We will try to arrange things so that subsequent reads and writes are
well aligned.  So the assumption here is that the application will
also be intelligent enough to do the right thing.  (i.e., if you have
a 32k stripe width, writes need to be 32k aligned and in multiples of
32k at the logical block layer, which the file system will translate
into appropriately aligned reads and writes to the RAID array.)

> Regarding multiple very small files wrote together by pdflush, what
> do they do?

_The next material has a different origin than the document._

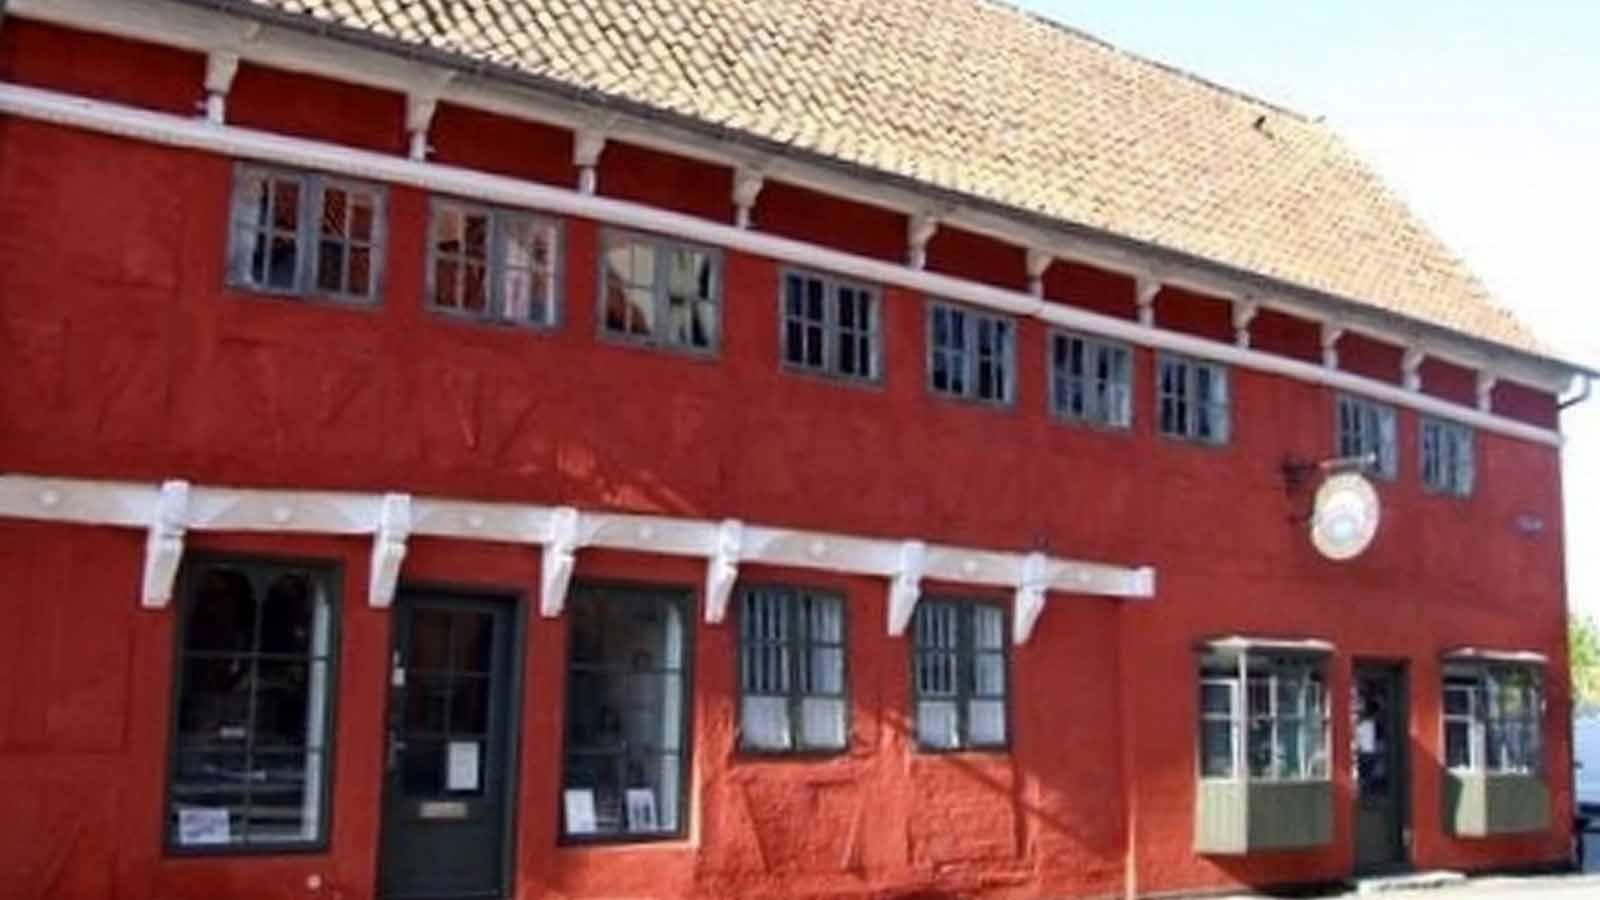 Skælskør Bymuseum

They are sticked together on the same stripe without
> holes, or each one goes to a different stripe?

pdflush has no idea about RAID, so for small files it's all up in the
air.

> Is the change of stripe-width with tune2fs supported on a live,
> mounted fs? (I mean maybe with a mount -o remount but no umount)

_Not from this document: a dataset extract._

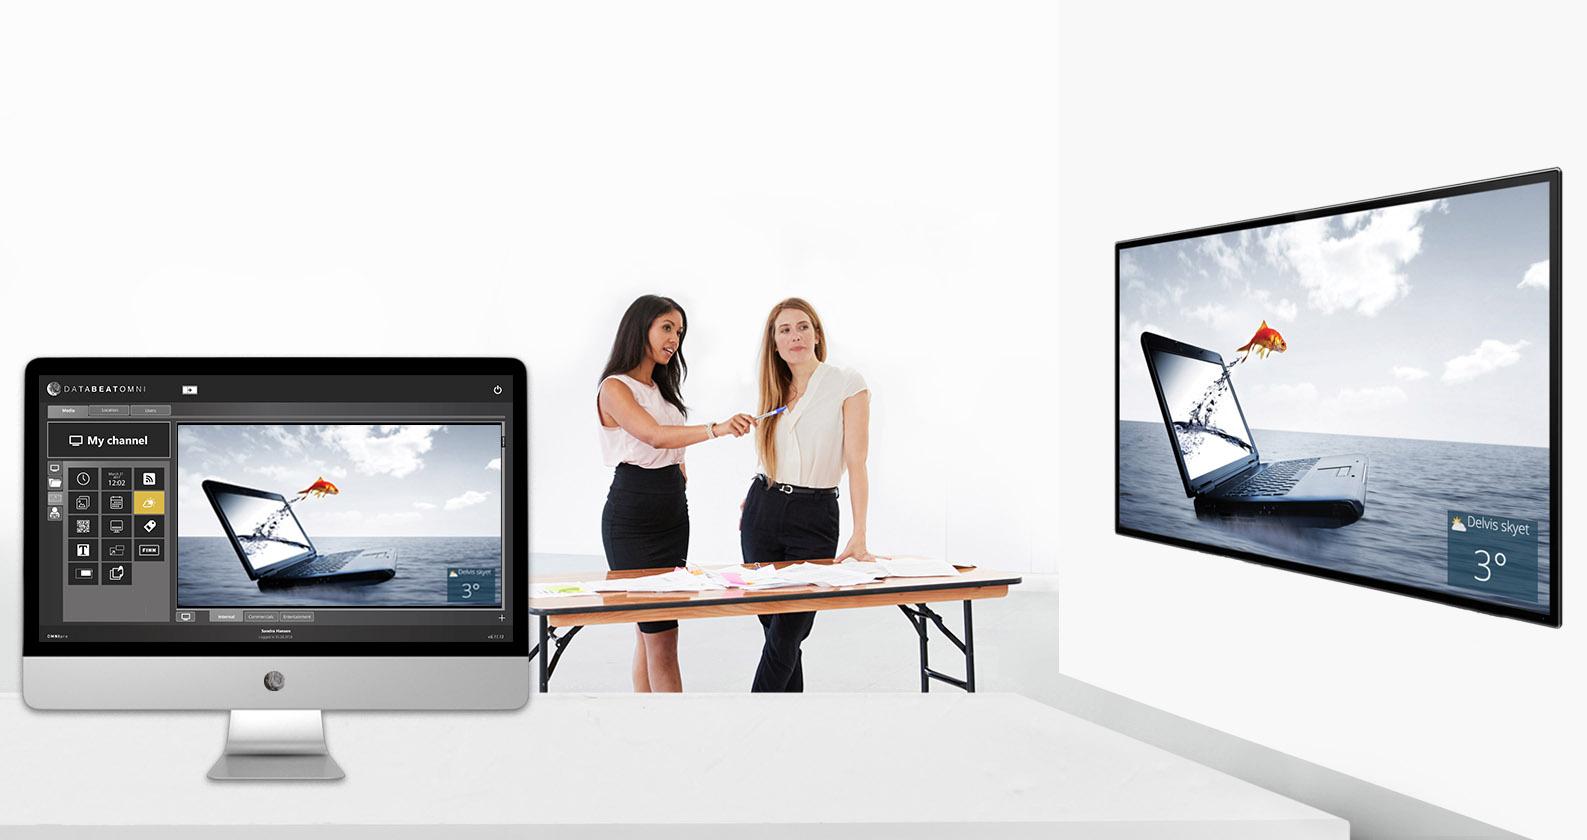 Publisering av innhold fra maskin med digital signage programvaren til skjermen på veggen

It's supported, but it's not going to change the layout of the live,
mounted file system.

I'm going to strongly caution you about using fancy-shmancy features
like this MD reshape.  You yourself have said it's not stable.  But do
you really need it?  You haven't said what your application is, but it
may be much better to simply add new disks in multiples of your
existing stripe width, and just keep things simple.

Also, why are you using RAID?  Is it for reliability, or performance,
or both?  Have you seen some of the recent (well, in the last 4-5
years paper about relibility of disks and RAID)?  Especially
interesting comments such as

    "Protecting online data only via RAID 5 today verges on
    professional malpractice"

http://storagemojo.com/2007/02/26/netapp-weighs-in-on-disks/

Regards,

					- Ted